Analysis Plan Matrix

For each comparison within each study, we will execute the 7 CohortMethod analysis plans in Table \@ref(tab:plan-matrix).

design <- readr::read_delim(col_names = TRUE, delim = ";", trim_ws = TRUE, file = "
  ID; PS-covariates; PS-adjustment; Outcome model; Risk-window end
  1; ; ; Cox; target exposure end
  2; FE defaults; variable match; Cox (conditional); target exposure end
  3; FE defaults; 5 strata; Cox (conditional); target exposure end
  4; ; ; Cox; observational period end
  5; FE defaults; variable match; Cox (conditional); observational period end
  6; FE defaults; 5 strata; Cox (conditional); observational period end
  7; ; ; Cox; target exposure end or escalation
  8; FE defaults; variable match; Cox (conditional); target exposure end or escalation
  9; FE defaults; 5 strata; Cox (conditional); target exposure end or escalation
")

footnote <- c("FE: FeatureExtraction package (365 days long-term, 180 days medium-term and 30 days short-term look-back)",
              "PS: Propensity score")

tab <- kable(design, linesep = "", booktabs = TRUE,
             caption = "CohortMethod analysis descriptions") %>%
  footnote(general = footnote, general_title = "")

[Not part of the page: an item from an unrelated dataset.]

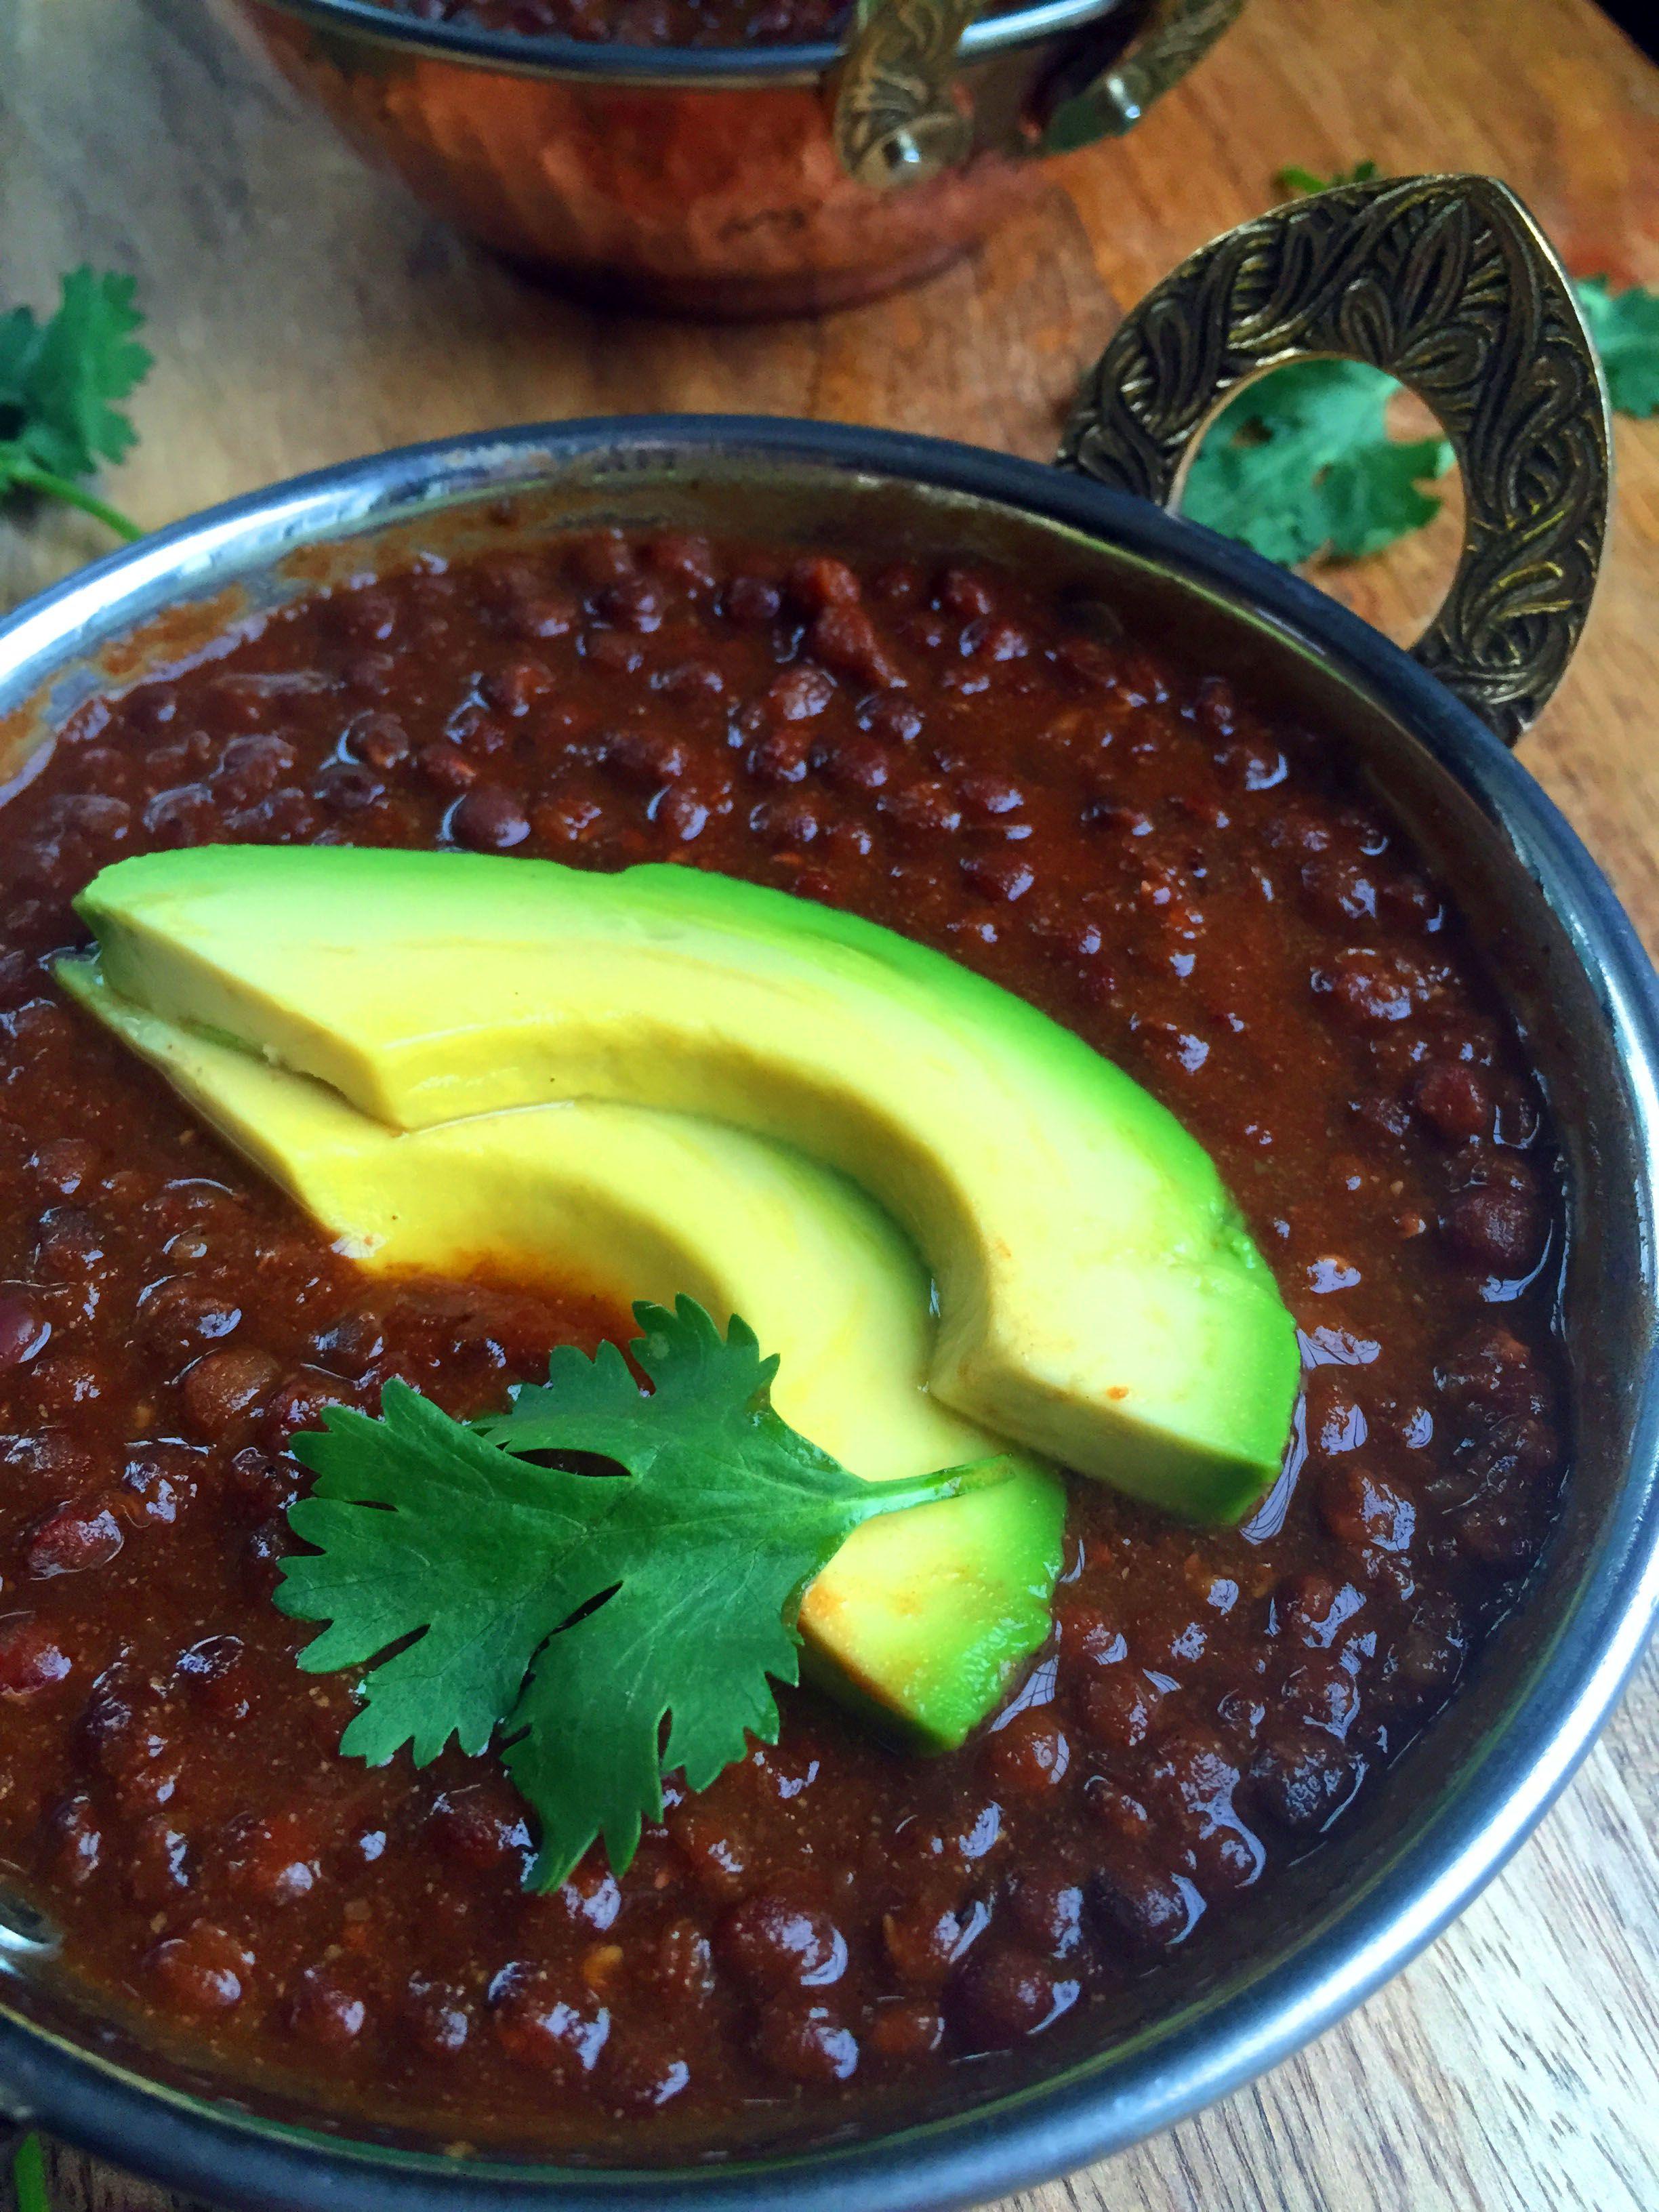 Spicy Vegan Dal Makhani Beluga Or Black Lentils For The Slow Cooker Indian Beans Recipe Recipes Beluga Lentils Recipe

if (knitr::is_latex_output()) {
  tab %>% kable_styling(latex_options = "striped", font_size = latex_table_font_size)
} else {
  tab %>% kable_styling(bootstrap_options = "striped")
}

Configuration files

The LEGEND-T2DM studies depend on several configuration files. We directly provide some of these files, while others we generate through executable R scripts before distributing study packages.

Executable R scripts

R/CreateAnalysisDetails.R
extra/GenerateExposureCohortDefinitions.R

File dependencies

For all LEGEND-T2DM studies

baseCohort.json : Base cohort object that we programmatically manipulate to generate all class and drug exposure cohorts
inst/settings/ExposuresOfInterest.csv : List of RxNorm concepts for individual drug ingredient and Drug class specifications for all exposure cohorts. File columns:
type : Drug for individual ingredients or Drug class for ingredient classes
name : Unsure if currently used; longer name
cohortId : Unique concept ID used to make cohort ID
conceptId : RxNorm concept ID if individual ingredient, otherwise unique Drug class ID in c(1, 2, 3, 4)
class : Reference to Drug class conceptId if individual ingredient, otherwise NA
shortName : Unsure if currently used; short name
order : Unsure if currently used; order to display
includedConceptIds : RxNorm concept IDs if Drug class, otherwise NA
inst/settings/OutcomesOfInterest.csv : List of outcome cohorts to import into study package and instantiate during execution. File columns:
cohortId : Unique cohort ID inside study package
atlasId : Unique cohort ID on JnJ ATLAS instance (currently) for importing into package
atlasName : Short name for Cohort Diagnostics
name : File prefix name for .json and .sql specification
description : Human-readable, short description of cohort
cite : List of Rmd citation keys
isNew : Indicate a new cohort for LEGEND-T2DM
inst/settings/Indications.csv : List of study-specific settings. File columns:
indicationId : Unique study ID key, e.g., class
indicationName : Study name, e.g., Class-vs-class
filterConceptIds : Concept IDs to remove from propensity score models
positiveControlIdOffset : Offset with which to start numbering positive control outcomes

For `class` studies

The following files are generated by extra/GenerateExposureCohortDefinitions.R:

inst/settings/classCohortsToCreate.csv : List of exposure cohorts to create, including both main and heterogeneity study-stratified cohorts. File columns:
atlasId : Unique cohort ID
atlasName : Short name that CohortDiagnostics will display
cohortId : Must == atlasId (unsure if used)
name : File prefix name for .json and .sql specification
inst/settings/classTcosOfInterest.csv : List of TC pairs to compare in the class study. File name includes Tco and some columns for historical reasons; all outcomes are executed by default. File columns :
targetId : Target cohort ID
comparatorId : Comparator cohort ID
outcomeIds : Currently unused; defaults to -1
excludedCovariateConceptIds : Currently unused; defaults to NA
targetName : Unsure if currently used; short name for target cohort
comparatorName Unsure if currently used; short name for comparator cohort

Table specification files

The following files specify the diagnostics and results data models on the public Postgresql server:

inst/settings/PsAssessmentModelSpecs.csv : Propensity score assessment additions to the legendt2dm_*_diagnostics schema
inst/settings/ResultsModelSpecs.csv : All study results for the legendt2dm_*_results schema

These files serve as arguments to createDataModelSqlFile to generate

inst/sql/postgresql/CreatePsAssessmentTables.sql
inst/sql/postgresql/CreateResultsTables.sql

and to uploadResultsToDatabase to upload diagnostics and results to the public Postgresql server.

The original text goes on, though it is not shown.